Dave would sometimes fall short, hit the floor, and jar the whole house. Mom would stick her head in, “You boys don’t get too rowdy”. She’d do the same thing when the pillow fights would erupt. The bloody nose didn’t come from the pillows; it came from the contact with the floor when you got knocked off the top bunk! I have seen feathers floating past the light fixture.
Don’t let the silence fool you……this house once rang with laughter.
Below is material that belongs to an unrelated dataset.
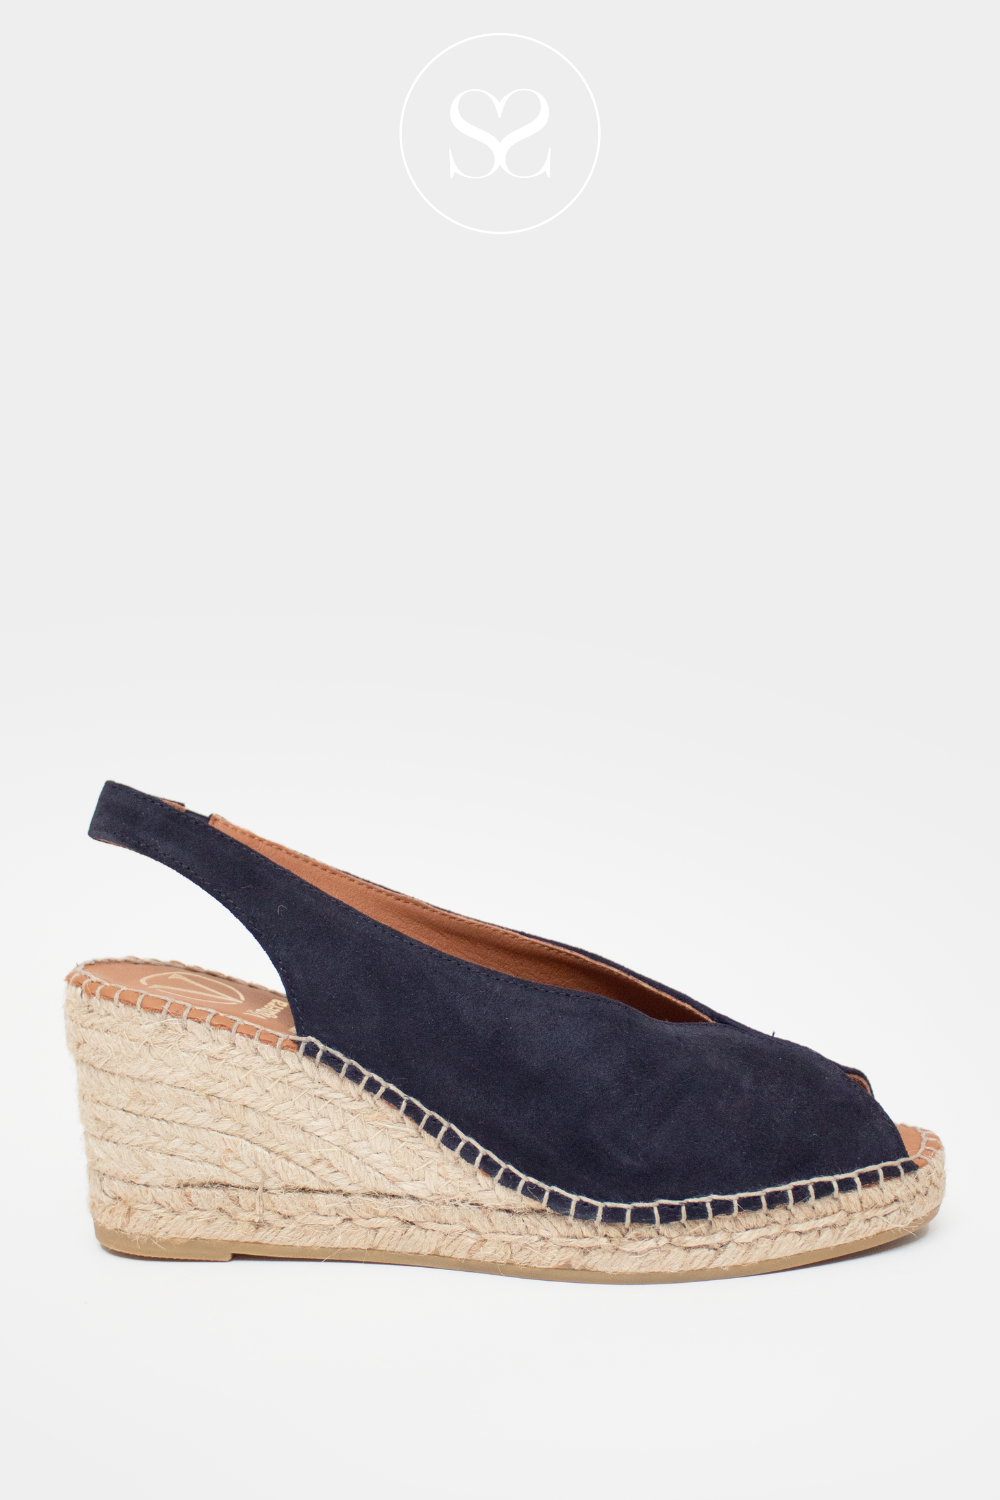 nAVY ESPADRILLE WEDGES FROM VIGUERA

I eased into the living room. I remembered when it would have been a sprint! But today I didn’t have anyone chasing me. The only thing left was the old couch Aunt Beatrice re-upholstered back in the sixties. The fireplace had shrunk over the years. It once seemed to take up one whole wall. You wouldn’t believe the pop corn heated there….or the arguments on how to best lay the backlog. We’d dress on that hearth on extra cold days. You’d burn on one side….and freeze on the other. We turned in unison.
I was off in college when Mom replaced the braided rugs with carpet. I fussed at her for a while. That big rug in the center made a great ball field. We would lay baseball cards down for defensive players and roll a marble across “home plate”. A wooden pencil made a perfect bat. The hitter was trying to knock the “ball” to the outer layers of different colored braids without making contact with any portion of the cards. Maybe I was a little old for braided rug baseball by then…..but it would have been nice to have kept my options open.
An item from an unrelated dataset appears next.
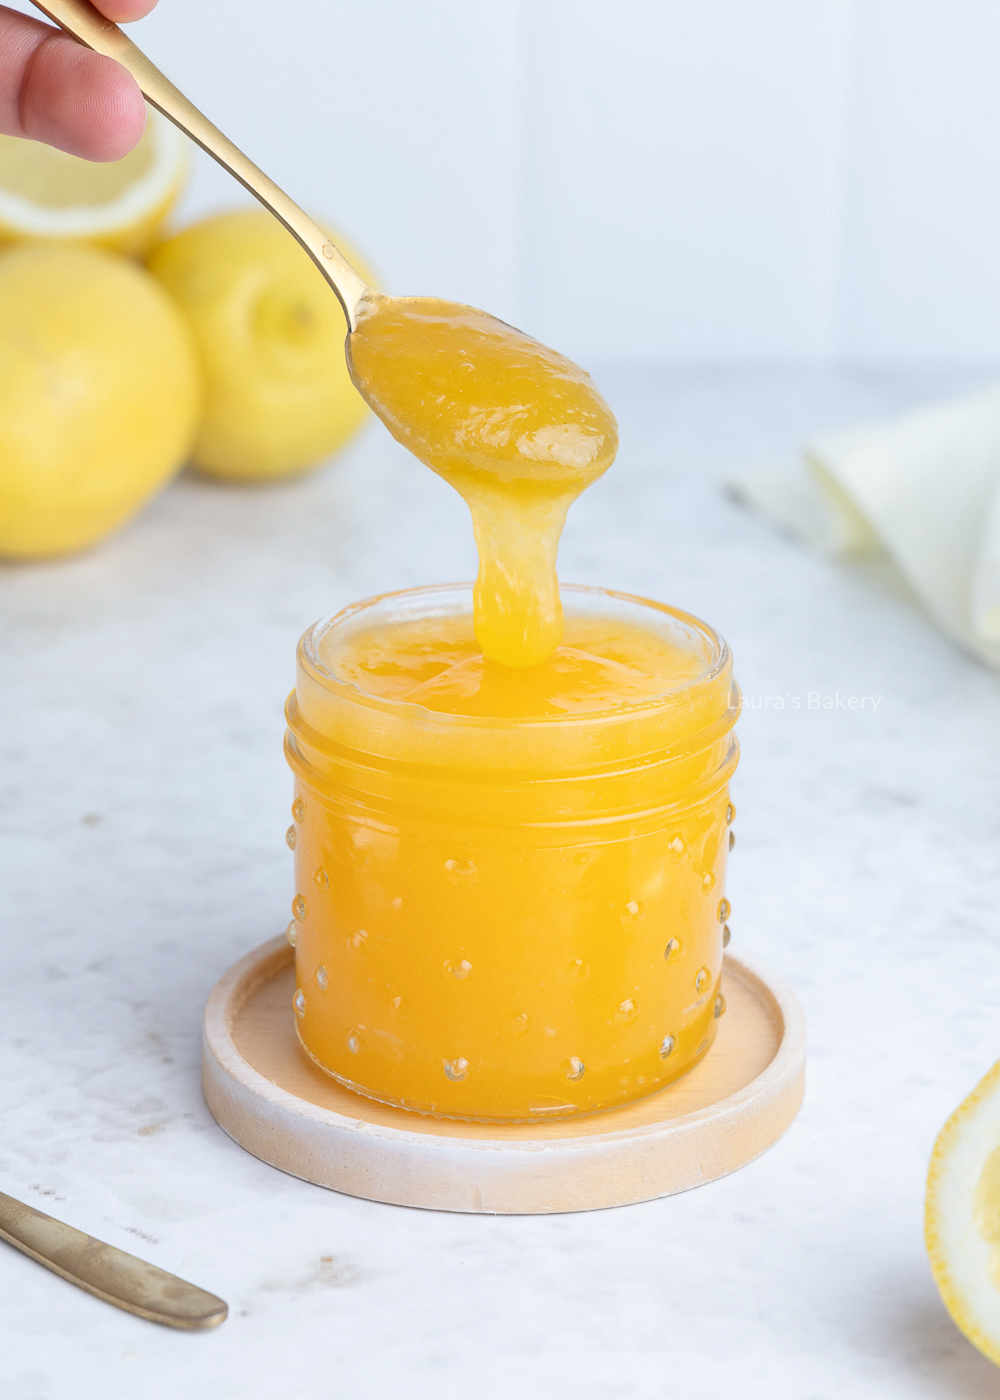 What to eat with lemon curd

We’d stretch out on that same rug and make our Christmas wishes as we poured over the Sears and Roebuck catalog. We didn’t have the money for any of those things, but that was a rug to dream on! The Christmas thought turned my eyes instinctively to the corner where Mom always placed the tree. I just thought I knew desolate….. The tears, which had been lurking since I opened the back door, found their way to the surface. You wouldn’t believe the uproar in this room when me and Leon and David got to throwing those silver icicles over the top branches!
I lingered in the kitchen. How empty it looked with nothing on the stove. I remembered how her hands never stopped as she rolled out those biscuits. I smiled at how she would put the turnip greens on top of the cornbread one night and call it “hay stacks” and then slice the cornbread in half the next night, cram the turnips inside and call it a “sandwich”. She didn’t fool us. But we ate it anyway.
We shared our hopes and dreams and disappointments around that table. We lived, loved and grew around that table. We laughed our way through the brown beans and cabbage. And recounted the day God had given us. Mother could sit at that table when we were young and kiss it and make it all better. And when we got older she would lay that gentle hand on your shoulder in good times or bad……and with a tender pat remind you that “everything” was still alright. That will make a house a home quicker than you can say “faith, hope and charity”.
I reckon I won’t be back much anymore. There is no backlog now to stoke, no footsteps to creak the floor, no laughter rebounding down the hall. The silence seems so out of place, yet there is a peacefulness to it. Maybe I am leaving…..but I am not saying goodbye. None of us ever touched by those walls will ever tell it goodbye.